DIRECTIONS: Please give the lines below again exactly as they stand, from the one that contains "NipCen's Handwriting Light Light" up to and including the one that contains "Tennis WTA United", leaving all pictures out.

DATA FOR REVIEW:
◇ ◇ ◇ ◇ ◇

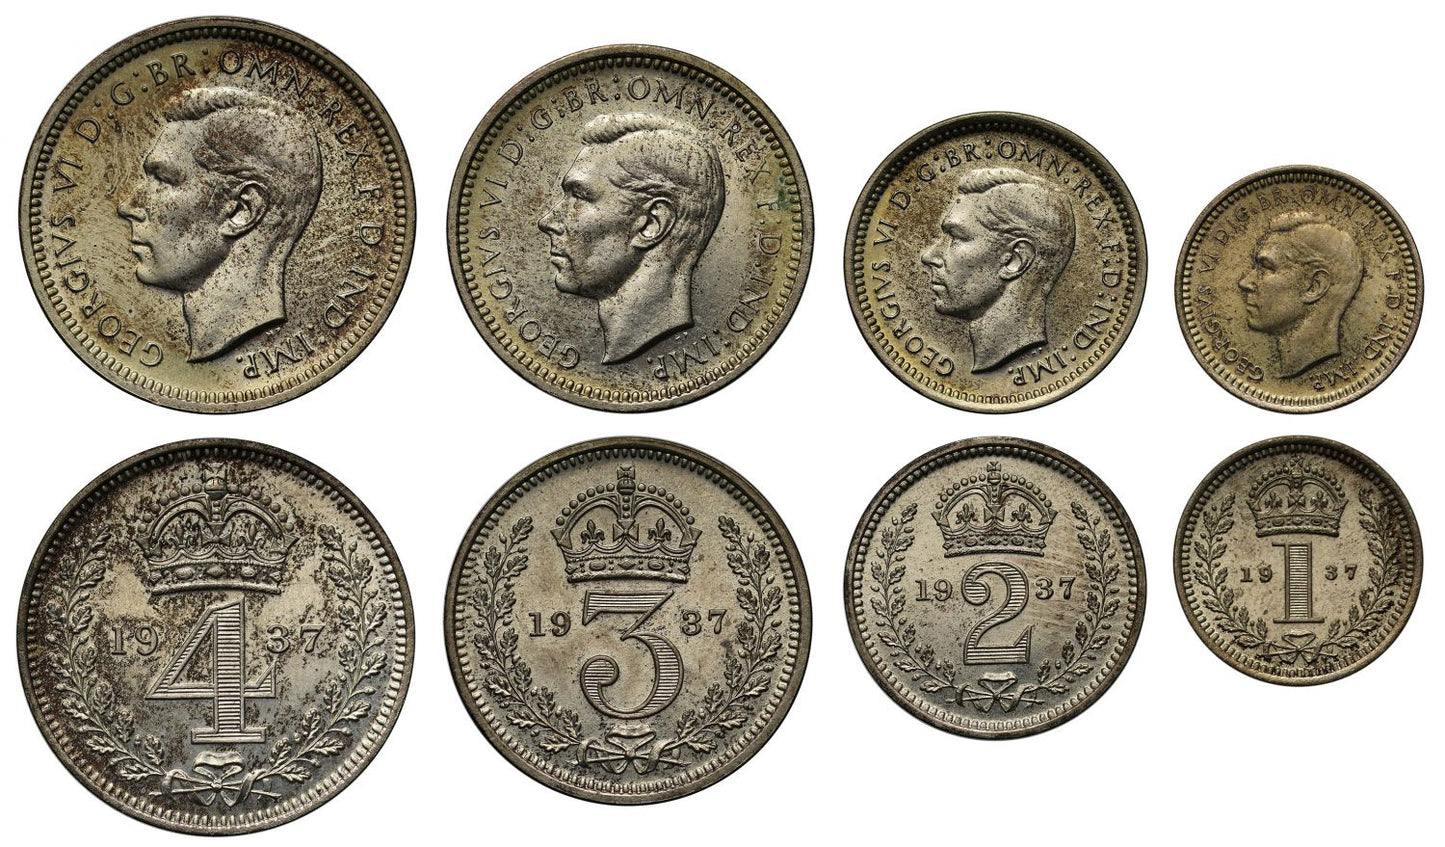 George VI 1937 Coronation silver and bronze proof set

◇ ◇ ◇ ◇ ◇

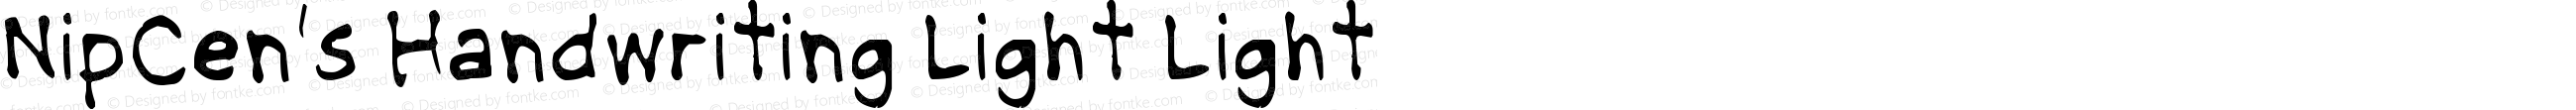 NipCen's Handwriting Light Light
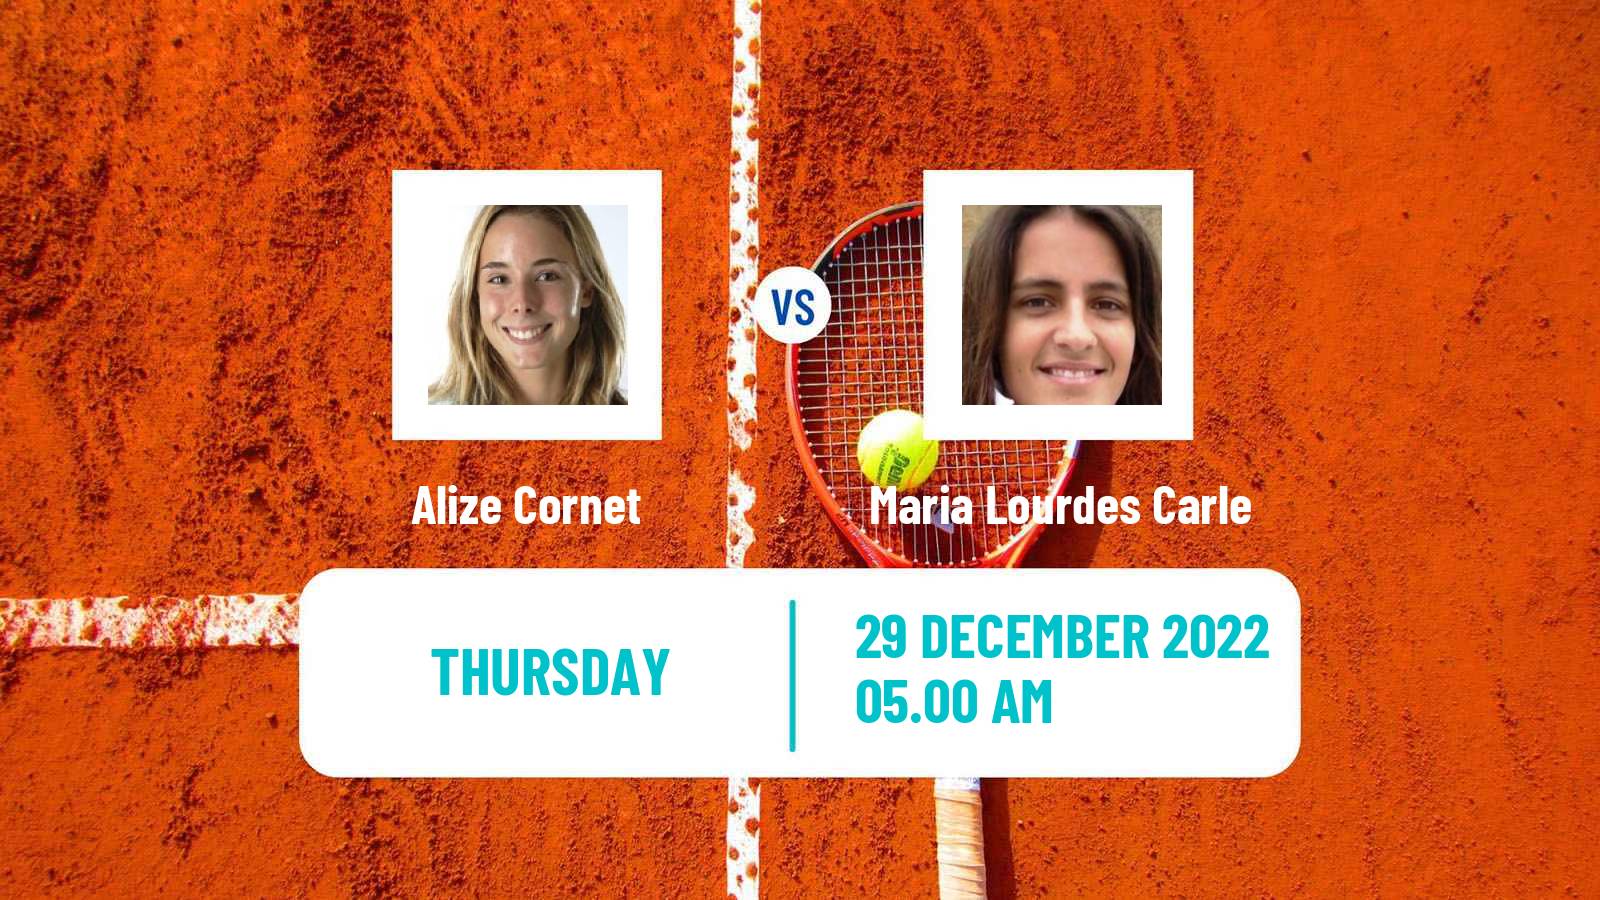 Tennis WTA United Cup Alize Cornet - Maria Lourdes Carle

◇ ◇ ◇ ◇ ◇

EXERCISE RESPONSE:
 NipCen's Handwriting Light Light
 Tennis WTA United Cup Alize Cornet - Maria Lourdes Carle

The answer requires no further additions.